Caroline Davis2010/Flickr
Health & Medicine

This Microscopic Robot Could Be a Minuscule Medical Marvel

At the size of just a single strand of DNA, it can predictably (and reliably) pick up, carry, and deliver nano cargo.

Karla LantSeptember 18th 2017

Taking Care of Nanobusiness

Robots can do what humans can’t—travel through space for huge distances, clean up the life-threatening nuclear waste, and take on tasks too tiny for us to tackle, to name a few. One new, minuscule robot is a single strand of DNA, and it picks up and delivers microscopic cargo as it moves in 6-nanometre steps.

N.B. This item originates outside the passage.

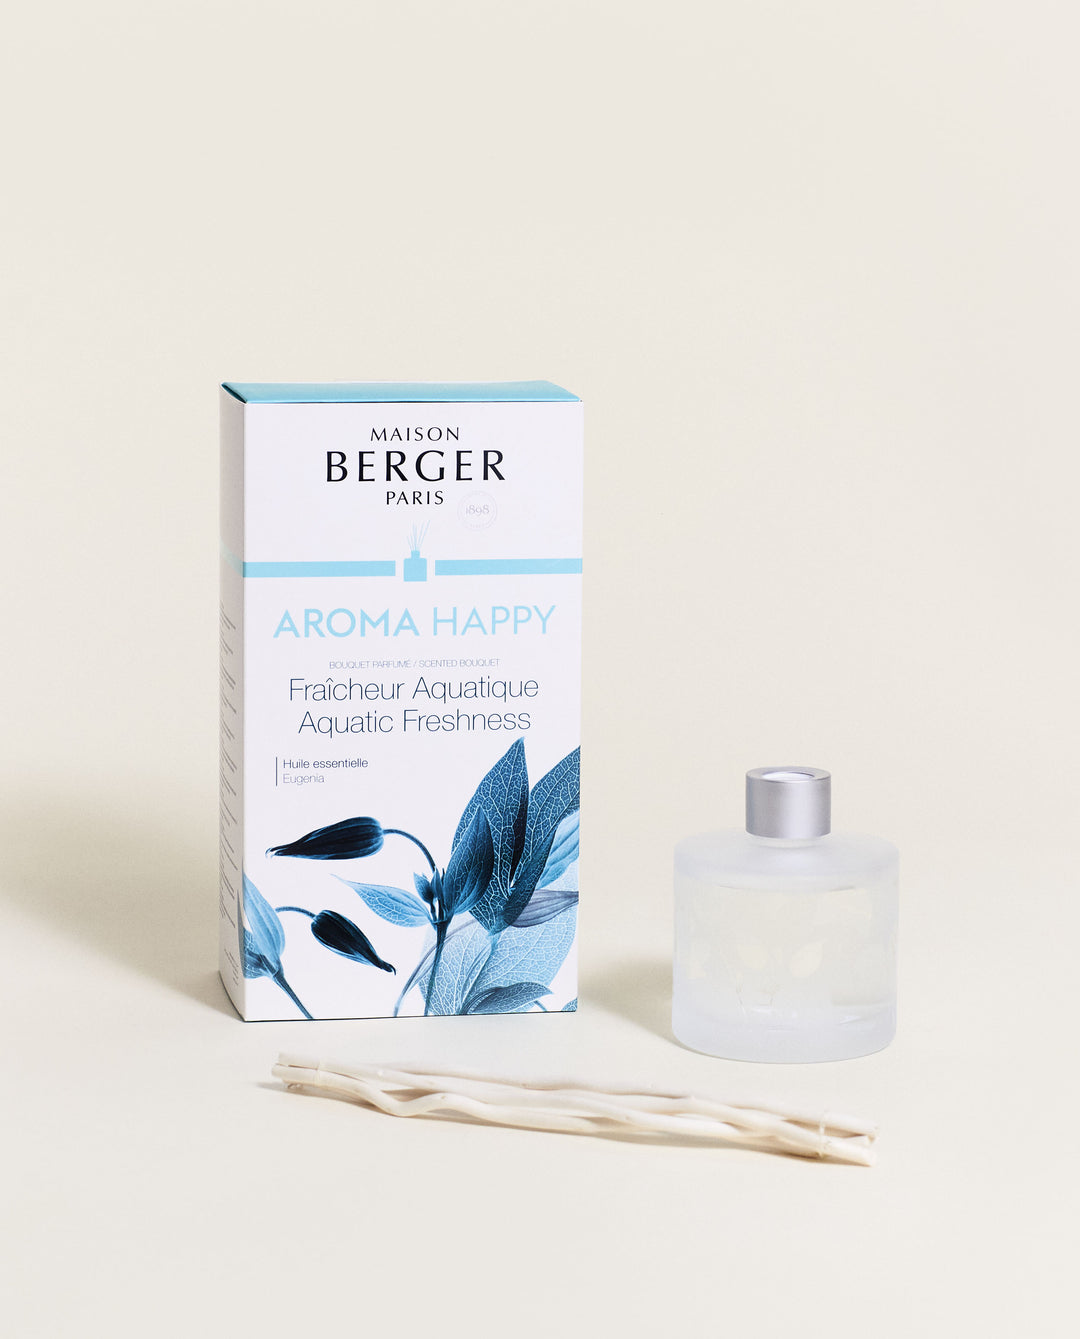 Aroma Happy Raumduft Diffuser Lampe Berger - Maison Berger offizieller Onlineshop DE - AT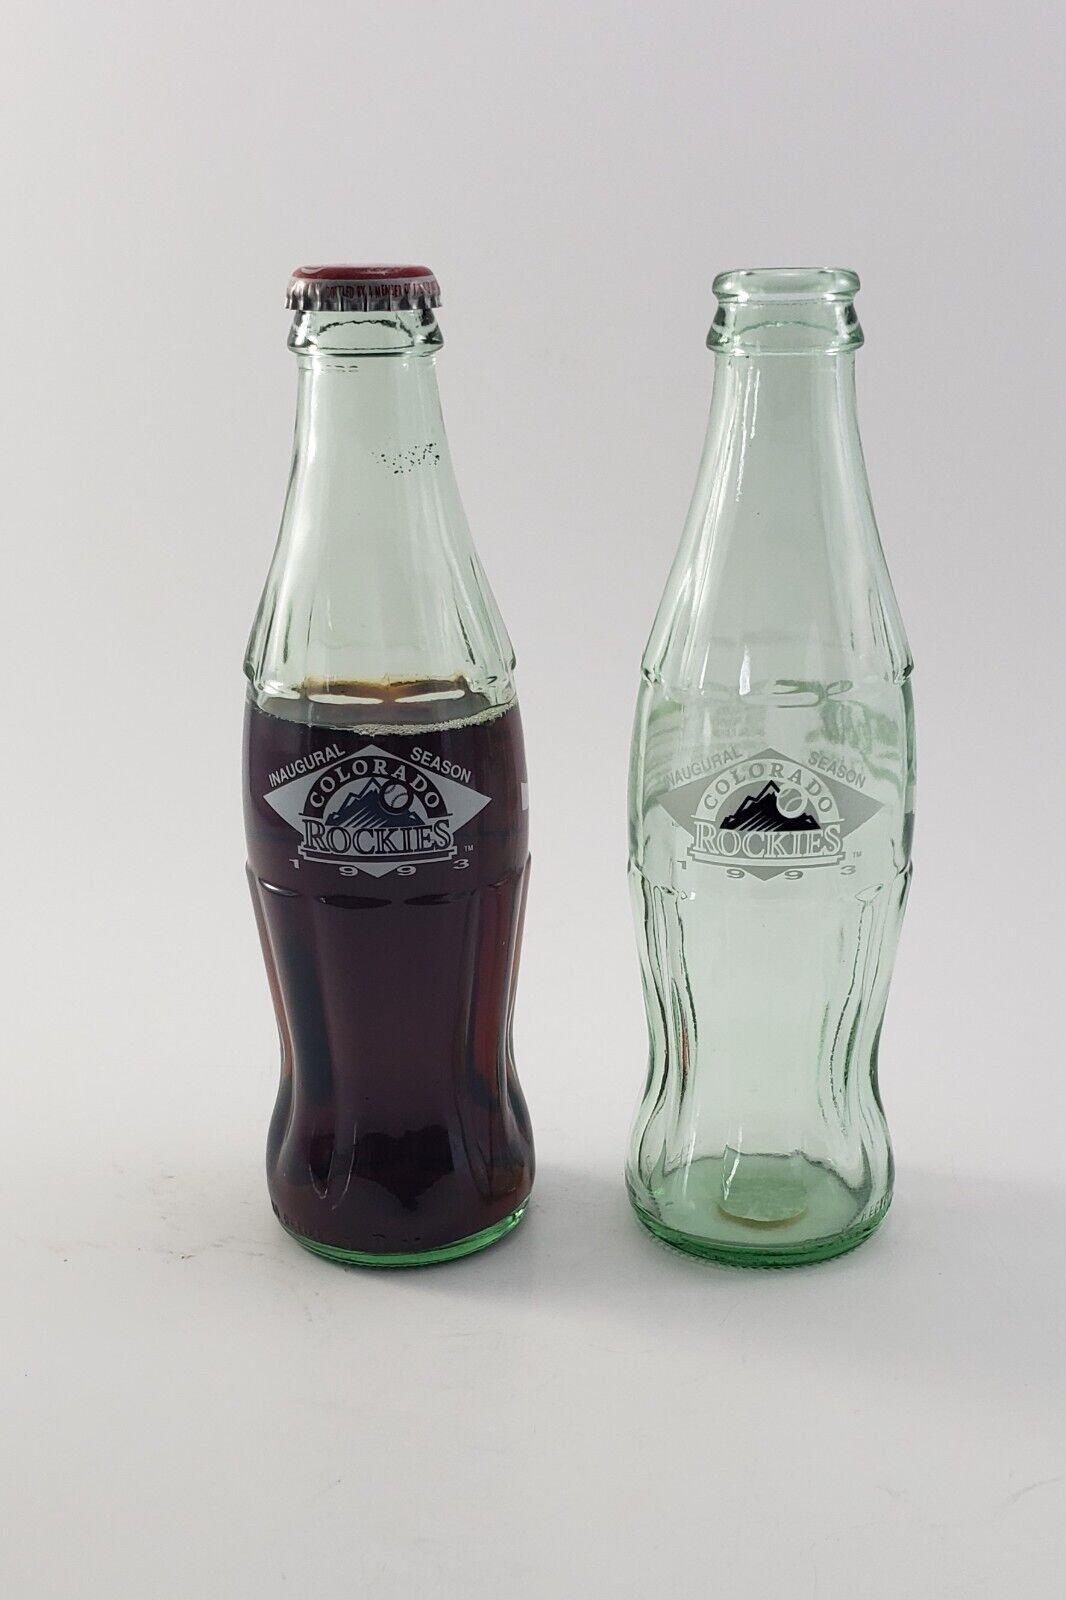 Coca-Cola Classic Colorado Rockies Inaugural Season 1993 Bottles (TWO)

Eventually, it may be used to deliver medicines specifically to diseased cells as it moves through the bloodstream, or enable the assembly of chemical compounds that are otherwise difficult for us to create.

Many tiny robots have already been developed, some for deployment in the bloodstream. However, to remain useful, they were forced to be much larger than a DNA strand. This tiny robot moves along a random path that retains a predictable final destination, because what it collects and where it drops it off are programmed into its chemical composition. The robot, which consists of two feet and arms on a leg that hops — all on a single strand of DNA — is big enough to complete more than one kind of task with predictable results.

Image Credit: typographyimages/Pixabay
Image Credit: typographyimages/Pixabay

“It is one of the first steps towards developing general-purpose DNA robots,” the California Institute of Technology’s Lulu Qian told New Scientist.

Slow but Predictable

In testing, the robot moved along a flat 58-by-58-nanometer surface, hopping randomly between DNA stepping stones. One foot would life as the other foot lands, and eventually the robot would come into contact with the cargo it’s searching for and pick up the load. It then carries the microscopic “parcel” and keeps hopping around until it locates the drop-off point. In development, the robot successfully picked up and delivered three yellow and three pink fluorescent dye.

Because a single hop takes 5 minutes, covering distances can take a very long time, even in small spaces. Adding a chemical motor or boosting this speed with an enzyme could make the robot faster, or perhaps, as the team points out, many robots working at the same time might be an improved strategy. Either way, this robot could play a critical role in precision medicine, being predictable, reliable, and perfectly tiny.